During Phase II of the trial, the court denied a motion by Mt. McKinley renewing its proffer.

On appeal, Mt. McKinley contends that the trial court committed reversible error by precluding Kratzke's testimony. As previously discussed, Mt. McKinley maintains that our Supreme Court has not adopted any particular trigger theory as the law of Connecticut. It further argues that, for there to be any insurance coverage for an underlying claim, Vanderbilt bears the burden of establishing, as a matter of fact, that a particular policy was triggered by bodily injury during the policy period. More generally, Mt. McKinley argues that it would be improper for us to adopt a particular trigger theory as a matter of law, divorced from contemporary scientific knowledge of the etiology and progression of asbestos related diseases. For example, if Kratzke is correct that initial exposure to asbestos fibers does no damage to the human body, and that mesothelioma does not develop until two to five years before the disease manifests, then, in Mt. McKinley's view, it would be improper for us to adopt a theory, such as initial exposure or continuous trigger, that imposes liability on insurers who provided coverage (1) at the time of initial exposure and (2) more than five years prior to the manifestation of disease. A corollary of this argument is that, in adopting a trigger of coverage theory to resolve asbestos related insurance claims, it would be improper for us to rely on decisions that other courts reached decades ago, on the basis of medical and scientific models that may since have been debunked.

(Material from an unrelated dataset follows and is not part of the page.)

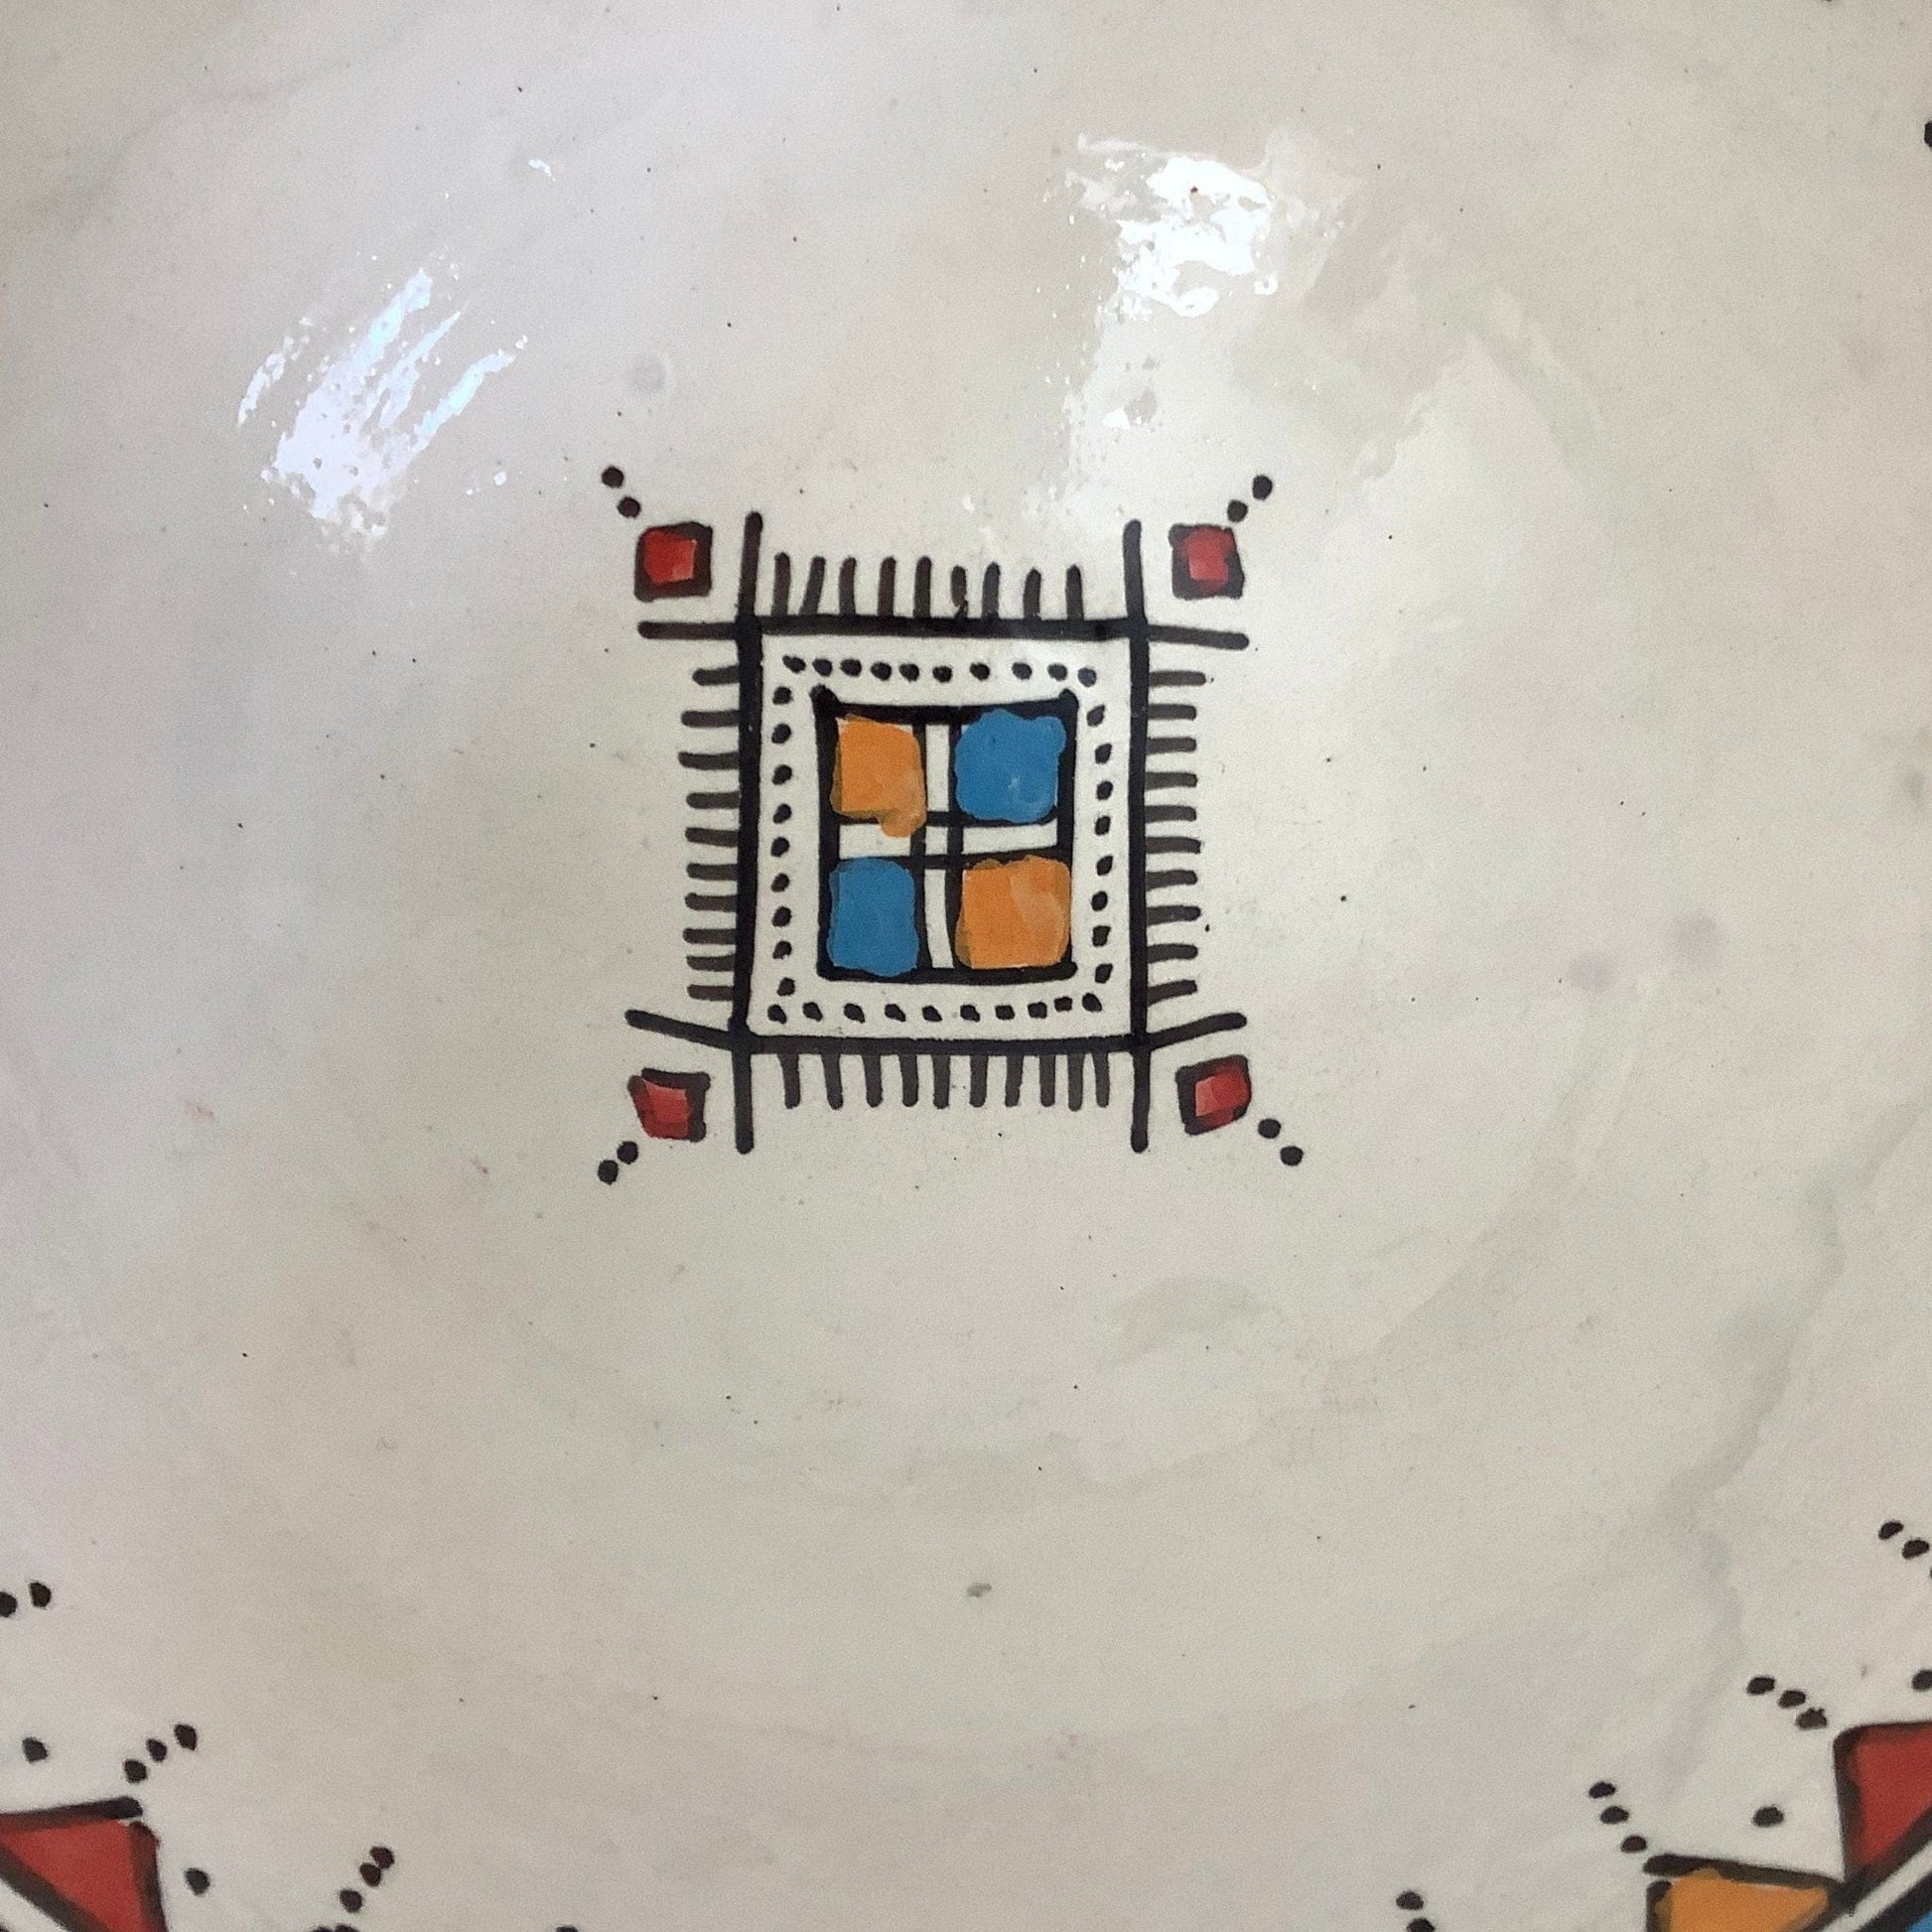 Ethnic Ceramic Bowl Multi / Ceramic / Vintage 1990s

Mt. McKinley's arguments are not without merit and, as we have explained; see part III A 1 of this opinion; we agree that the trial court was mistaken in concluding that it was compelled by Security to apply a continuous trigger theory. Nevertheless, we are not persuaded that the question of which trigger theory applies to the underlying claims is a factual question about which Kratzke's testimony would have proved enlightening. Two questions are intertwined in Mt. McKinley's argument. First, is it appropriate for an appellate court to adopt a trigger of coverage theory as a matter of law, rather than allowing the question of when injury occurs to be resolved as a matter of fact, on a case-by-case basis, in light of the best available scientific evidence? Second, if we answer the first question in the affirmative, does current scientific knowledge regarding the etiology and progression of asbestos related diseases place any restrictions on which theory or theories we may adopt? We address each question in turn.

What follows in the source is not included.